### Task input
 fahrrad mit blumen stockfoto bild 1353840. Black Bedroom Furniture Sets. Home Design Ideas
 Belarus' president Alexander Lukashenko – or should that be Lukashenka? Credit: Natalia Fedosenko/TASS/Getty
######
### Task input
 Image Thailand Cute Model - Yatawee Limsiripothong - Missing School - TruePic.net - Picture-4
######
### Task input
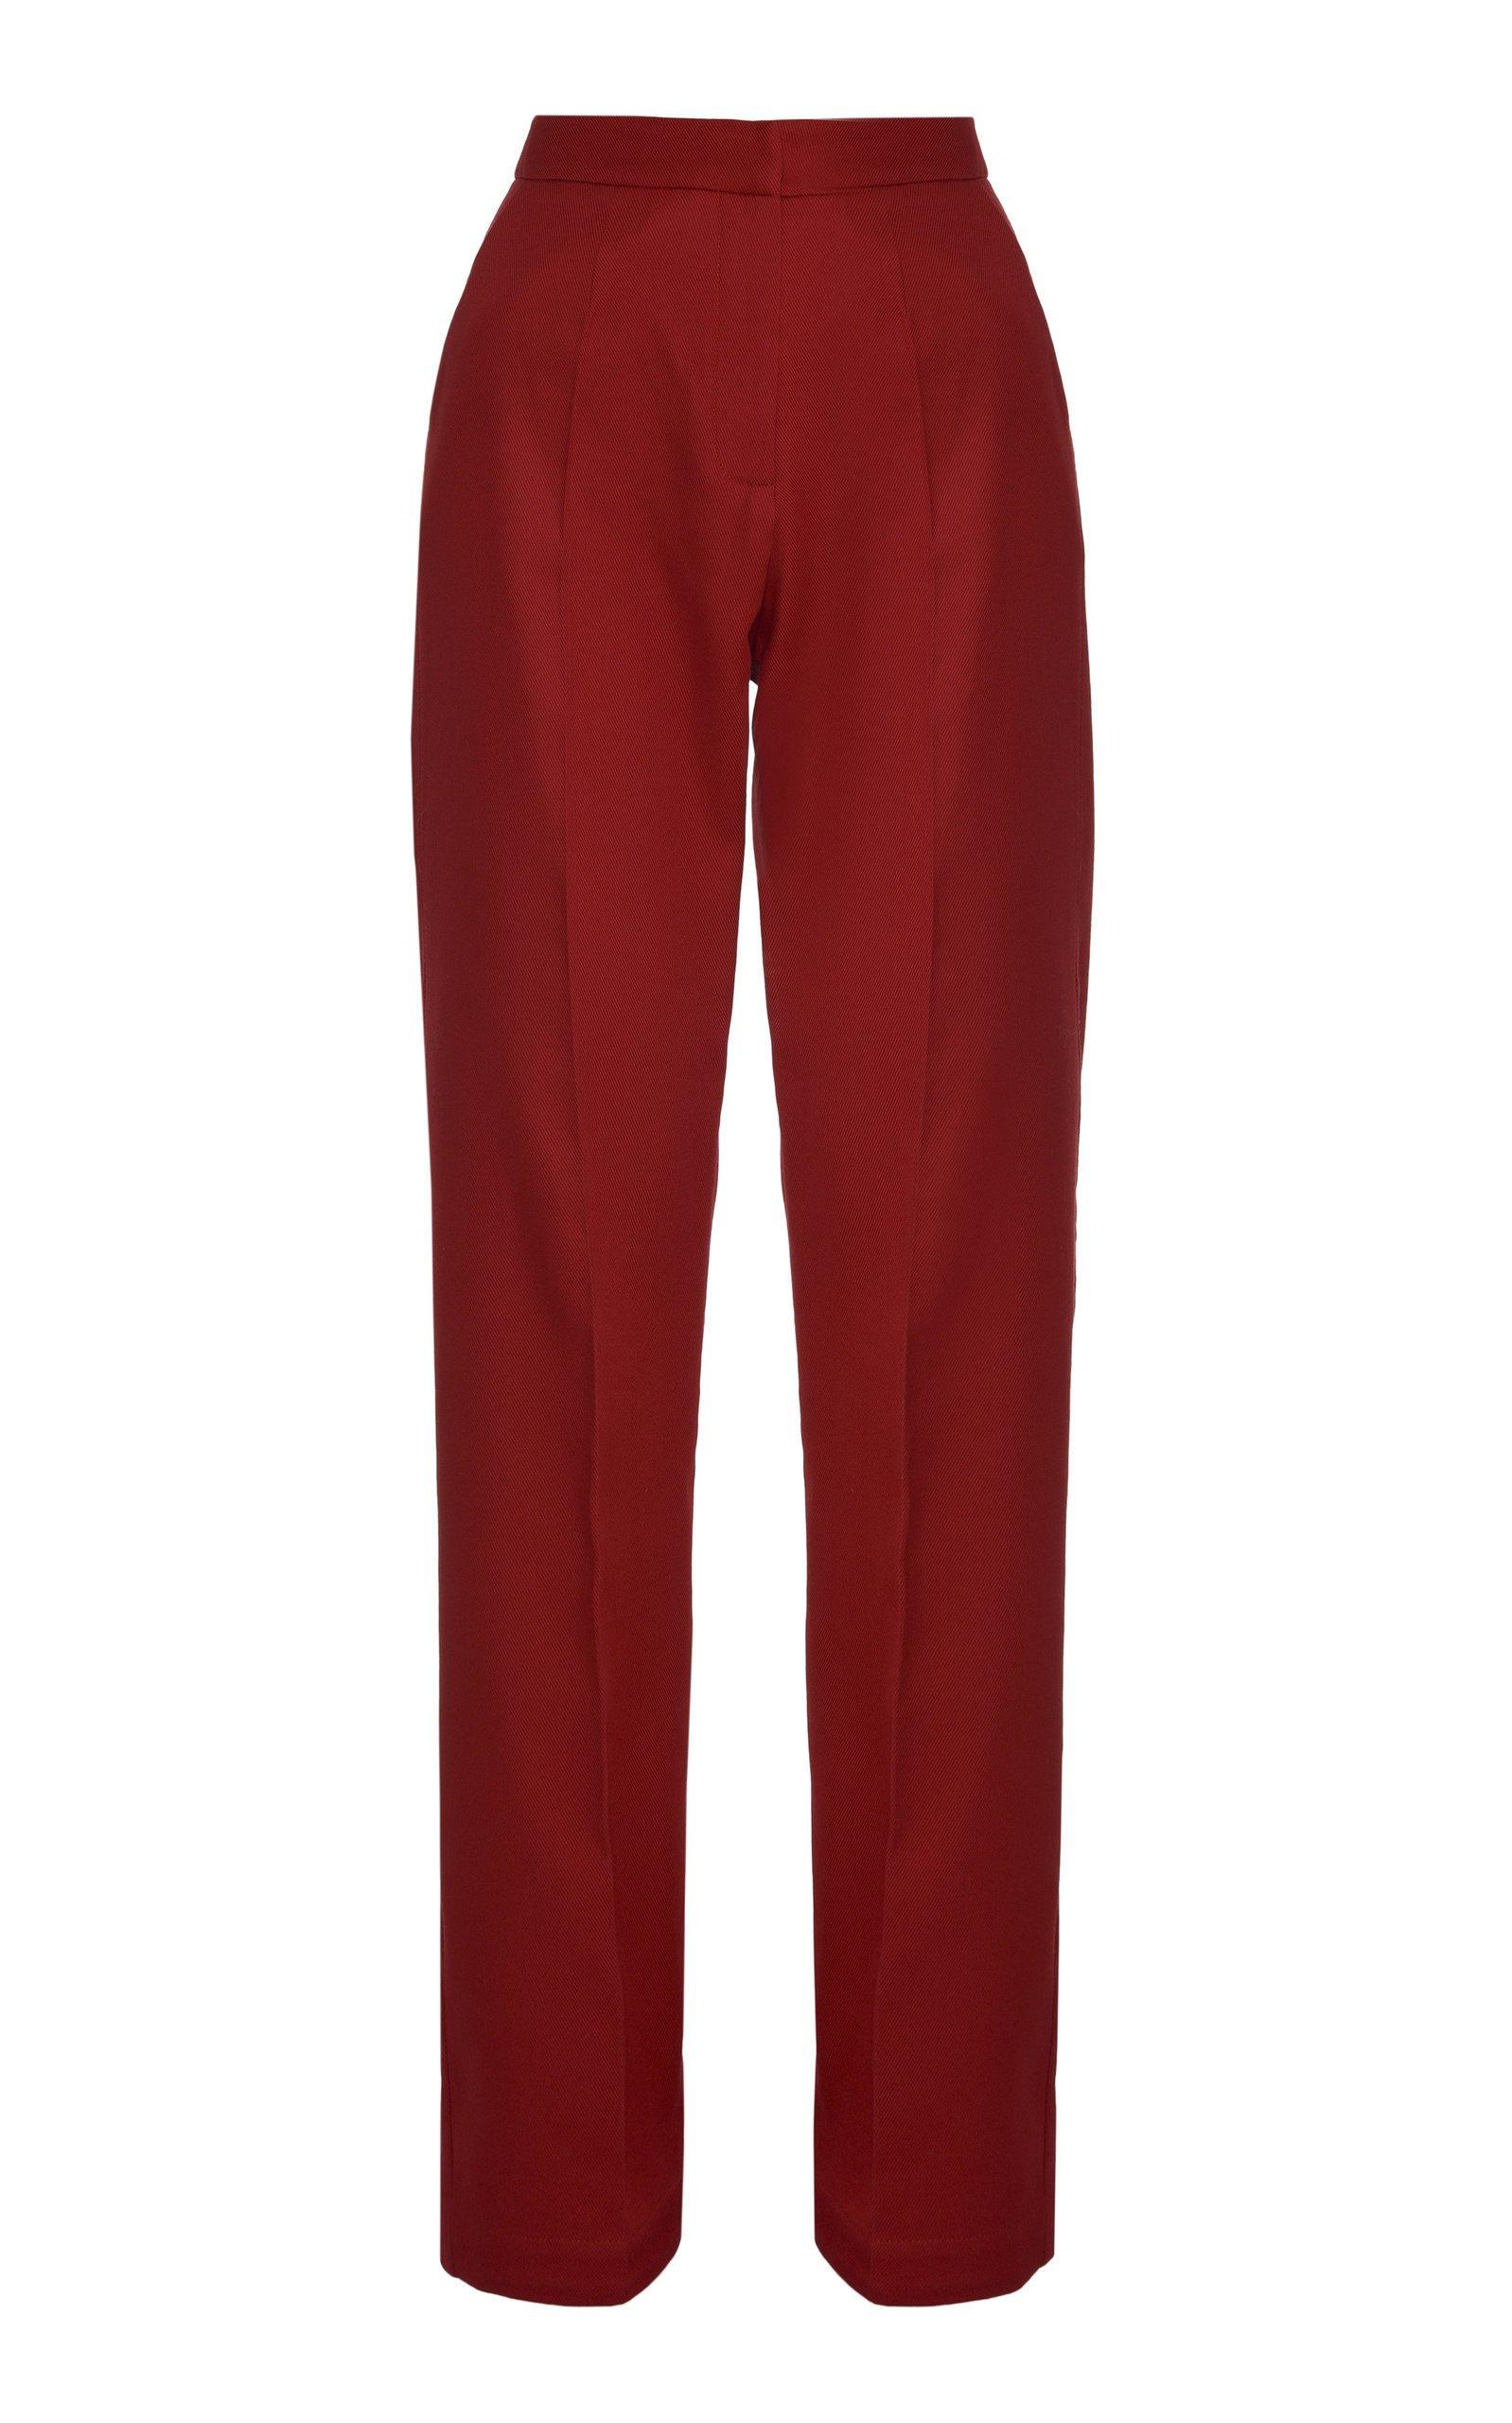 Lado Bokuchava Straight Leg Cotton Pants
######
### What is expected
Copy out, exactly and alone, the lines of the entries above between the ones holding "fahrrad mit blumen" and "Belarus' president Alexander", inclusive.

### Response to the task
 fahrrad mit blumen stockfoto bild 1353840. Black Bedroom Furniture Sets. Home Design Ideas
 Belarus' president Alexander Lukashenko – or should that be Lukashenka? Credit: Natalia Fedosenko/TASS/Getty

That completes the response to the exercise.